Exposing the threads of misogyny, cowardice and abuses of power embedded in contemporary society, this is a confronting, sometimes deeply painful novel to read. With an unflinching eye and audacious imagination, Charlotte Wood carries us from a nightmare of helplessness and despair to a fantasy of revenge and reckoning.
About Charlotte Wood
Charlotte Wood is the author of five novels and a book of non-fiction, and editor of The Writer’s Room Interviews magazine. Her last novel, Animal People, was longlisted for the Miles Franklin Literary Award and her other books have been shortlisted for many prizes including the Christina Stead Prize for Fiction.
Small Acts of Disappearance by Fiona Wright (Giramondo)
Small Acts of Disappearance is a collection of essays on anorexia, a disorder as disturbing as it is mysterious, even to its own sufferers. Documenting Fiona Wright’s experience from the beginning of her affliction, when she was a student, to her hospitalisation with a life-threateningly extreme version of the illness, the essays display a candour and an intelligence that describe the course of her illness with great precision and illuminate the sufferer’s motives and actions over time.
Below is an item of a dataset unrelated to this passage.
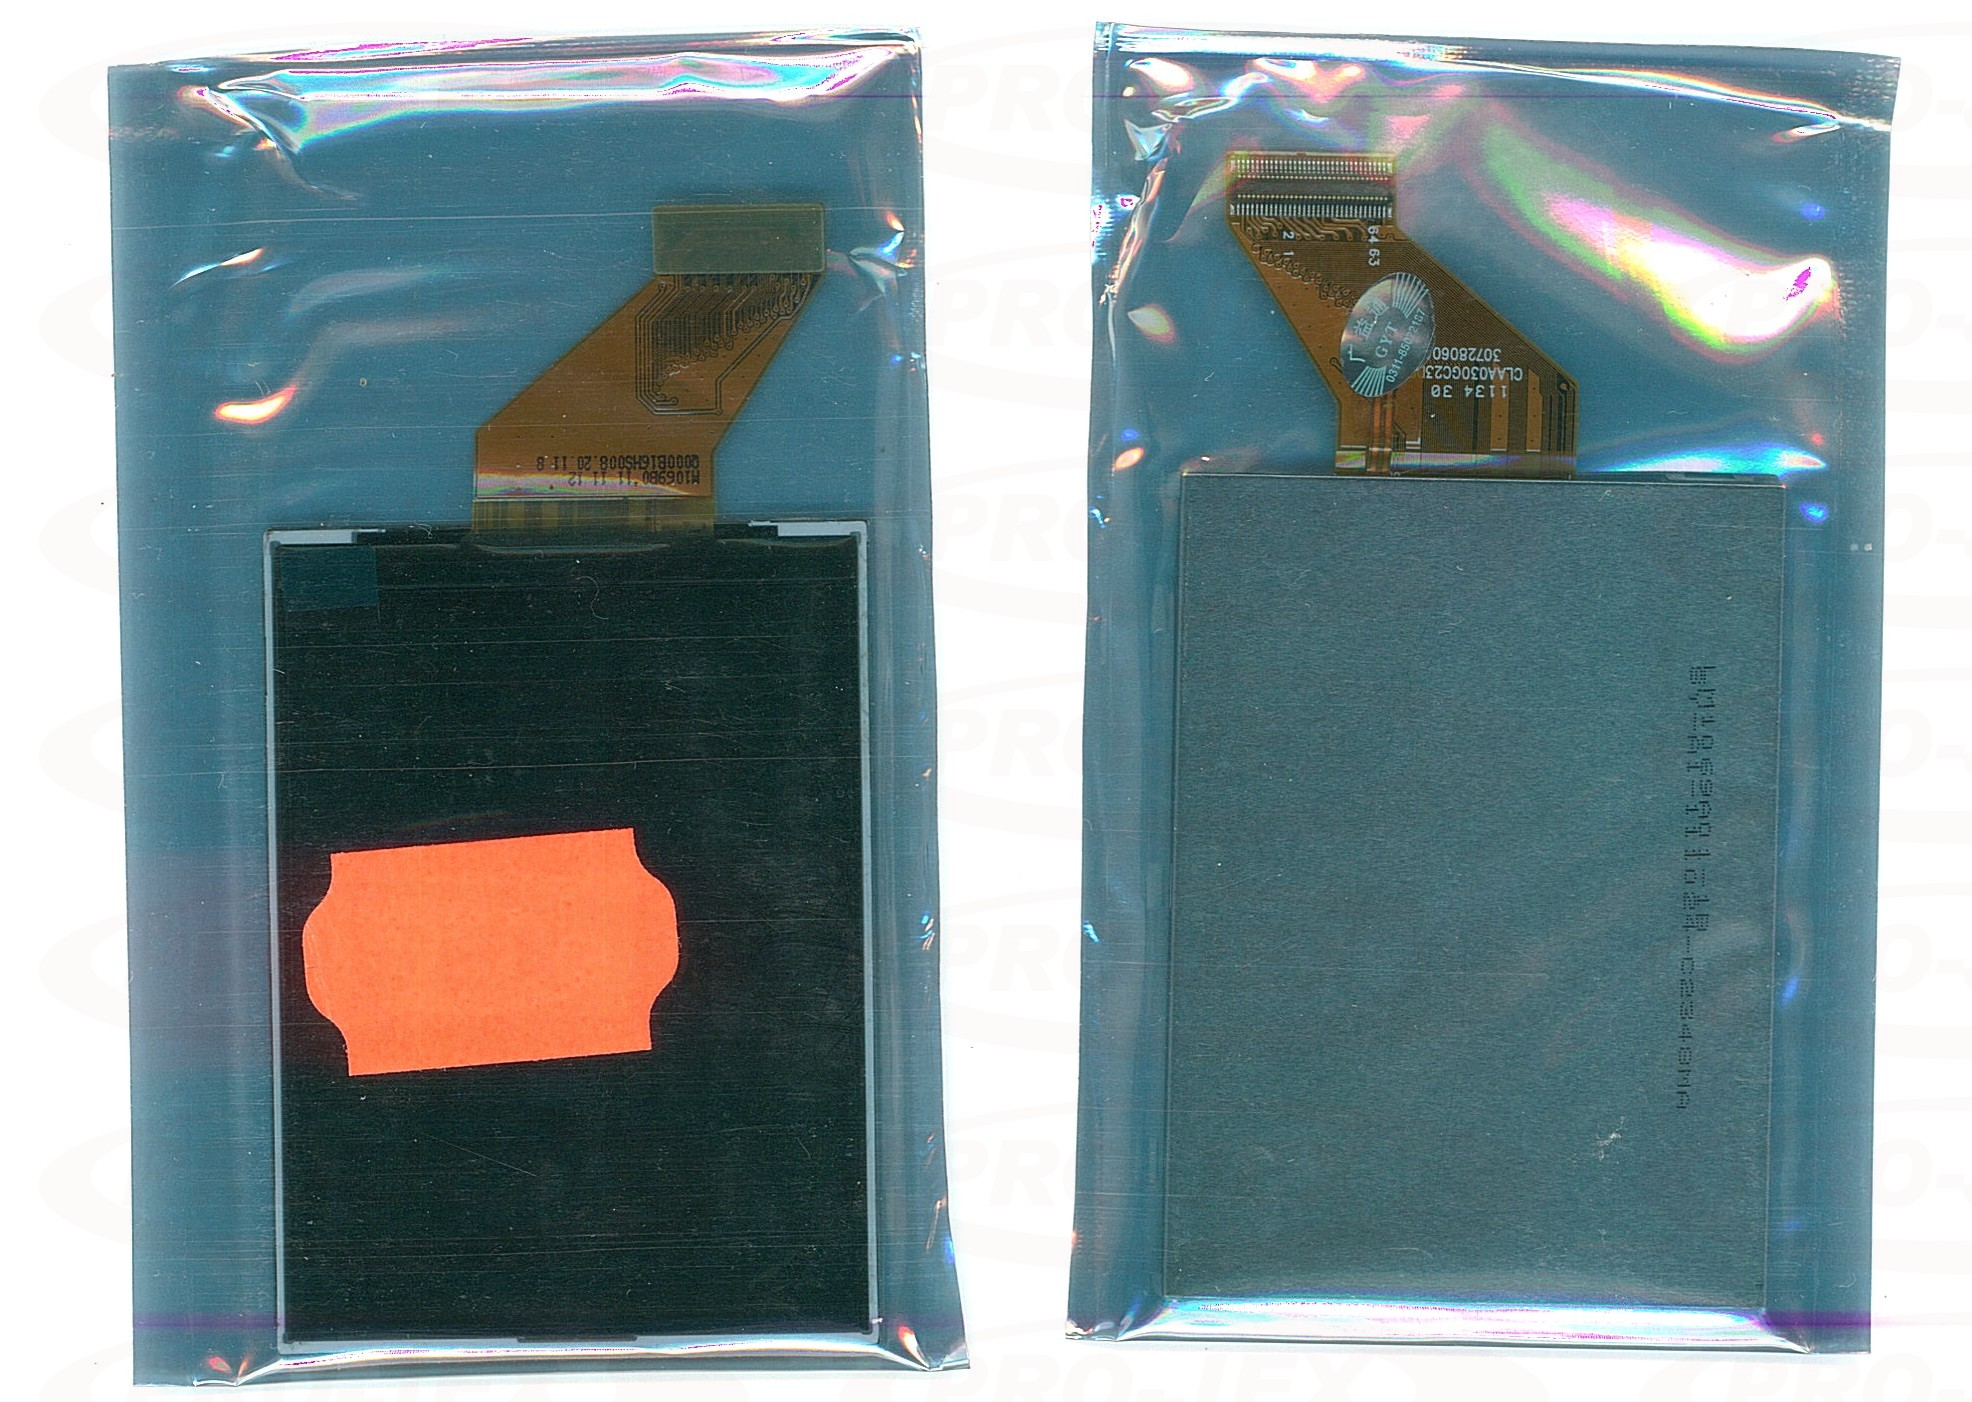 LCD SAMSUNG WB600 WB690 WB610 WB700 HZ30 HZ30W

The narrative is crosshatched with other experiences and subjects: travel, autobiography, and literature – in particular writers who have used their art to anatomise the extremity of compulsion. The range of Wright’s research, from contemporary neurobiologists to old school modernists, and the quality of her insights make Small Acts of Disappearance a valuable book. Wright brings a sometimes melancholy, sometimes comic, well-informed honesty to an important subject.
About Fiona Wright
Fiona Wright’s poetry book, Knuckled, won the Dame Mary Gilmore Award for a first collection. Her poems and essays have been published in the Australian, Meanjin, Island, Overland, The Lifted Brow, Seizure and HEAT.